At 38, this director of community relations for assisted living communities in the Southington area of Connecticut admits her frown line area has bothered her for some time. “People continuously say to me ‘you need to relax, you need to calm down,”‘ she says, noting that they think she’s constantly stressed out. “I don’t feel that, but I know that my face has always shown everything.”

She is soon ushered into an examination room. Kirwan asks if she is nervous. “Now, I am,” she responds with a weak smile.

“We’ll do this side, then the other,” he says, deftly injecting a syringe full of Botox into each of her frown lines. The silence is broken only by the steady click of media cameras. There is a little bleeding, followed by some redness and swelling, which subsides immediately.

“You’ll see the result in four to five days, and it will last from four to five months,” he tells her. Murphy is given an ice pack, to be held on the injected area for about 15 minutes. She’s also instructed to keep her head elevated for the next three to four hours and not to engage in any heavy exercise.

Kirwan’s surgical administrator, Lisa Topham, explains that by elevating the head, it is less likely the Botox will travel from the injected area into the eyelid area, thus minimizing the risk of droopy eyelid. Topham, a registered nurse who also administers Botox injections, says patients are additionally told to continue making the expression that created the lines in the first place: “If you have frown lines, you want to frown. If you have horizontal forehead lines, raise your brows, and squint your eyes for crow’s-feet.” Doing so evenly distributes the Botox through the area.

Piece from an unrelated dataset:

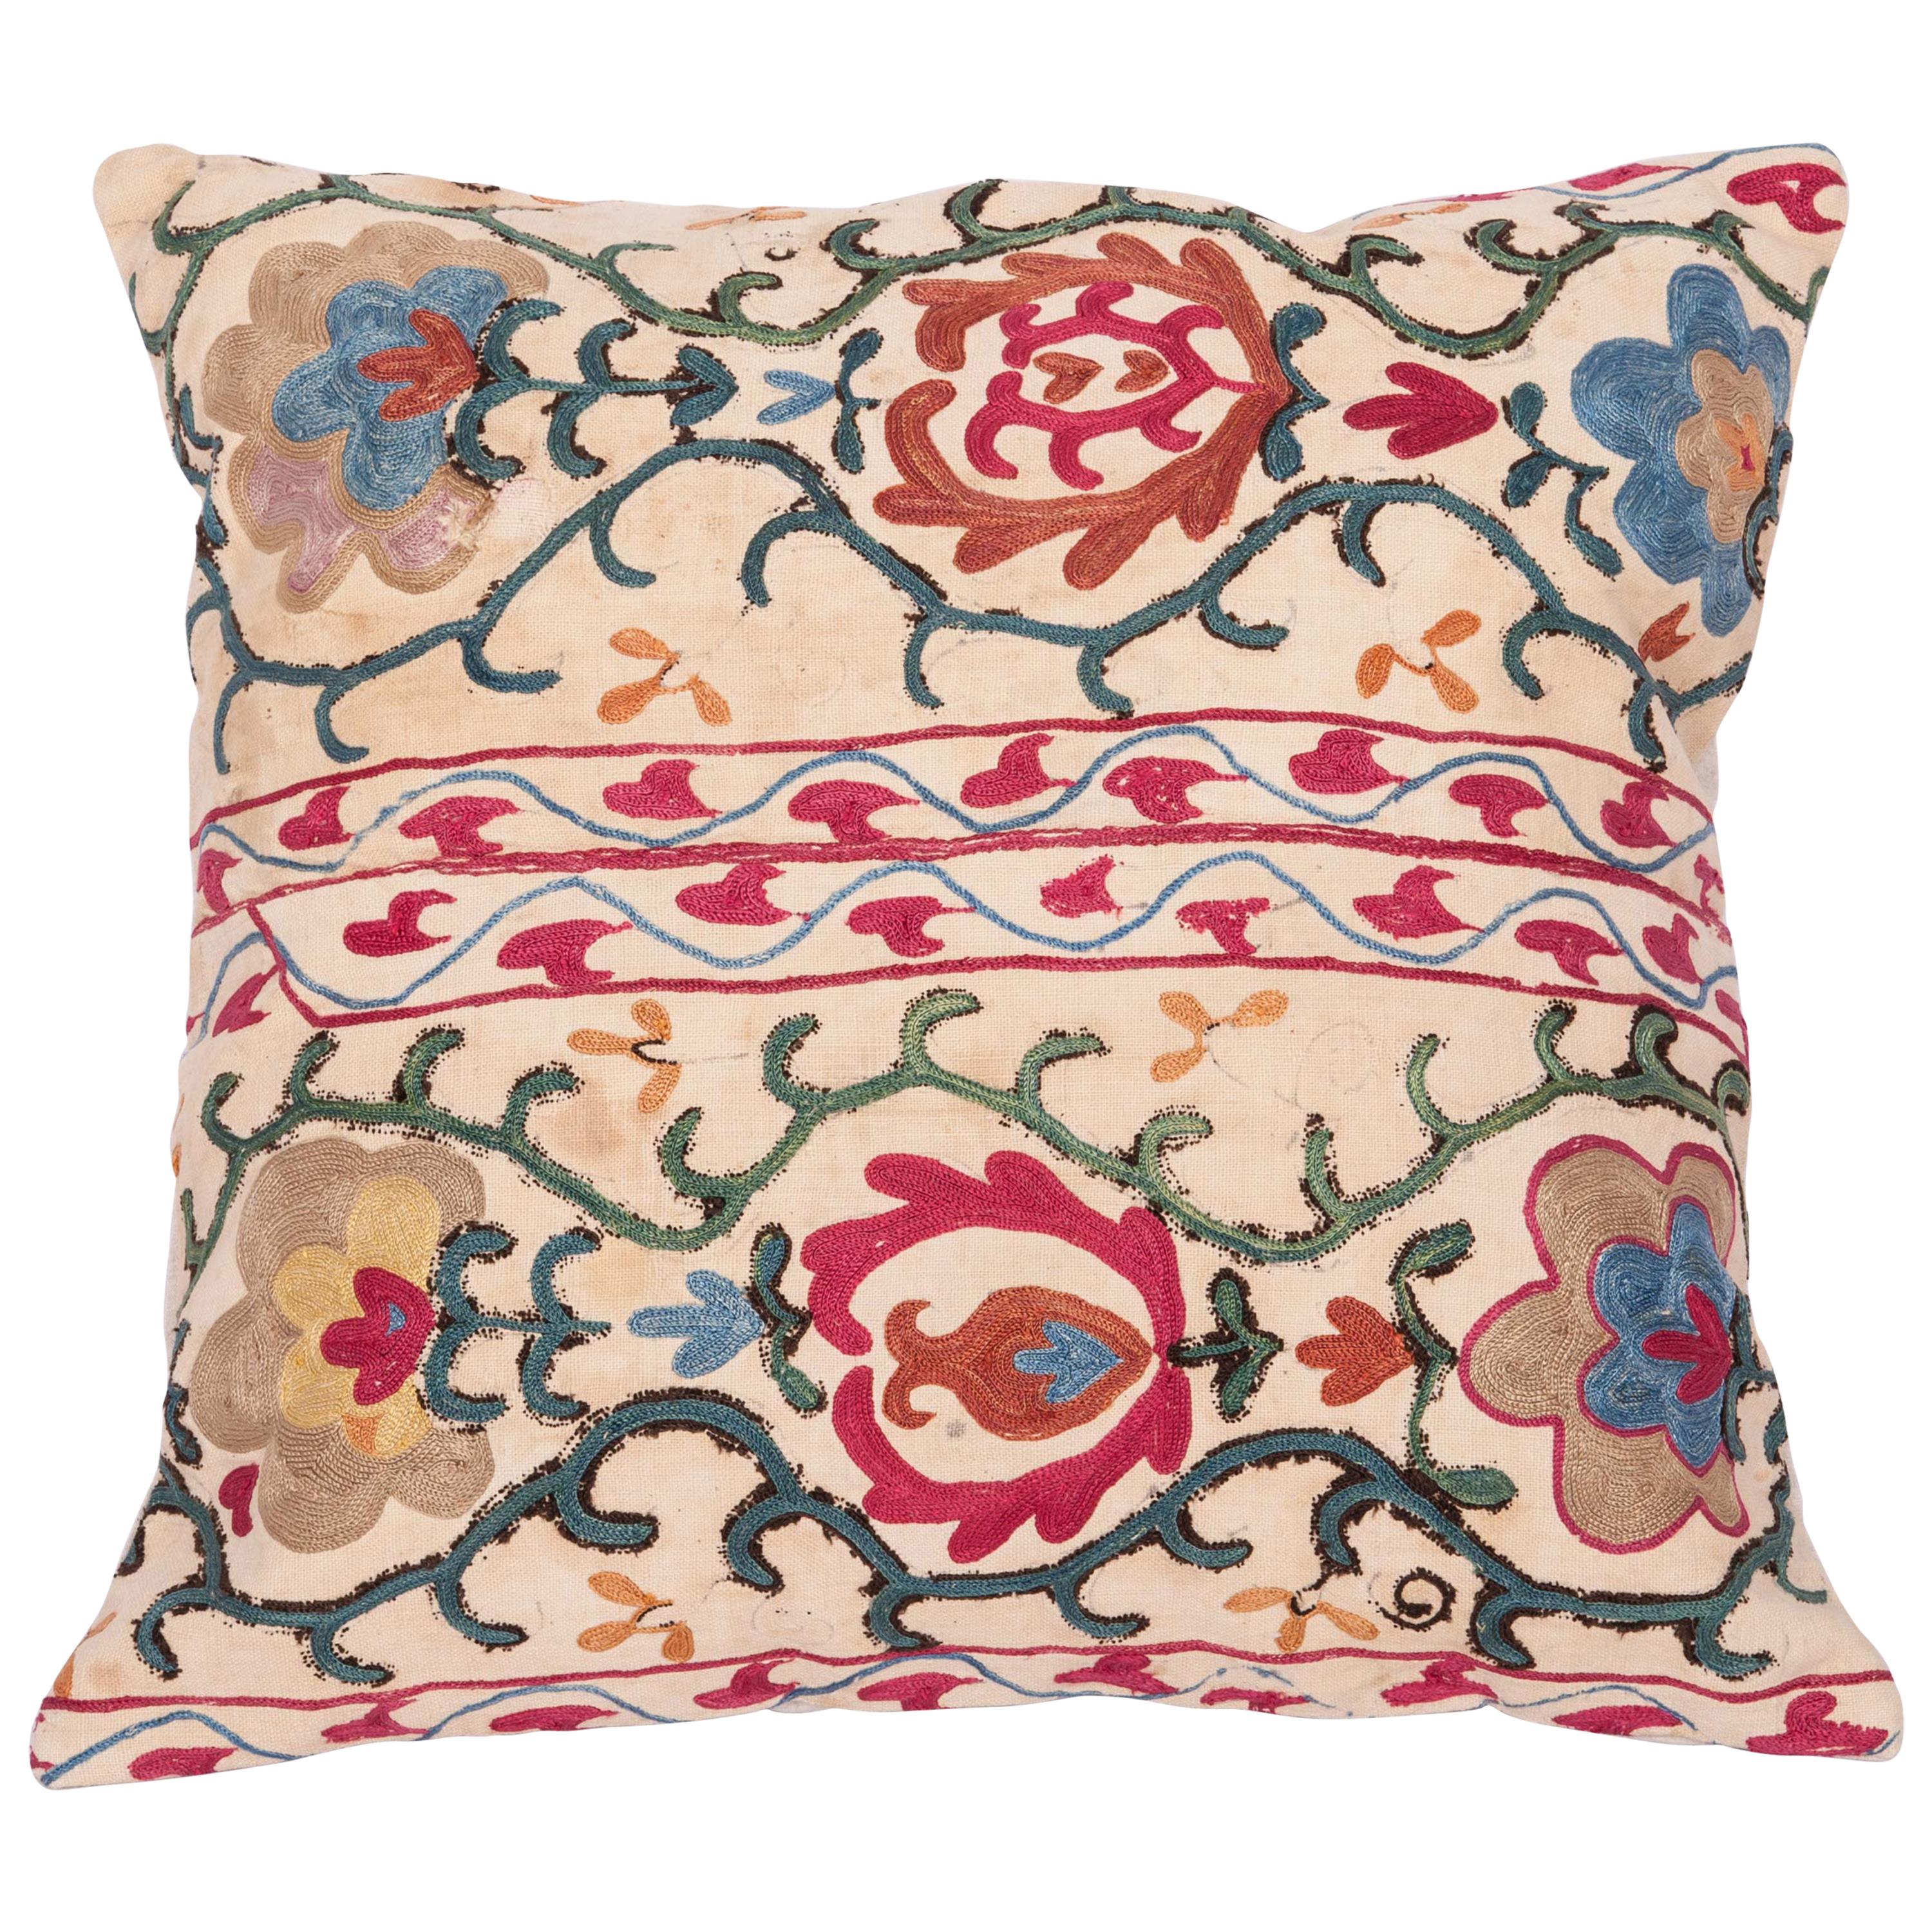 Antique Suzani Pillow Fashioned from a 19th Century Uzbek Suzani

Murphy is much more relaxed once the procedure ends. “It wasn’t painful, but being poked with a needle isn’t pleasant,” she says, after Kirwan leaves to go to his next patient. “When the needle went in, I felt it a little bit.”

In an examination room across the hallway, Hartford-area radio personalities Megan Doll, 32, and Mary Scanlon, 28, wait for their Botox intro.

“I’m going to have the vertical (frown) lines done,” says Doll, who produces a radio morning show. “We’ve always said we’re going to do this since Botox came out. My husband thinks I’m crazy. He said, ‘Why are you getting it done if it’s just going to go away?’ and I said ‘Why do people get haircuts?’ That won the argument.”

“I can’t believe you don’t notice those things on my face,’ says Scanlon, co-host of a Hartford radio show. “They’re like ravines,” she says of her forehead lines. “I can stick my finger in them.”

“I hope he comes in here before the numbing cream wears off,” Doll says.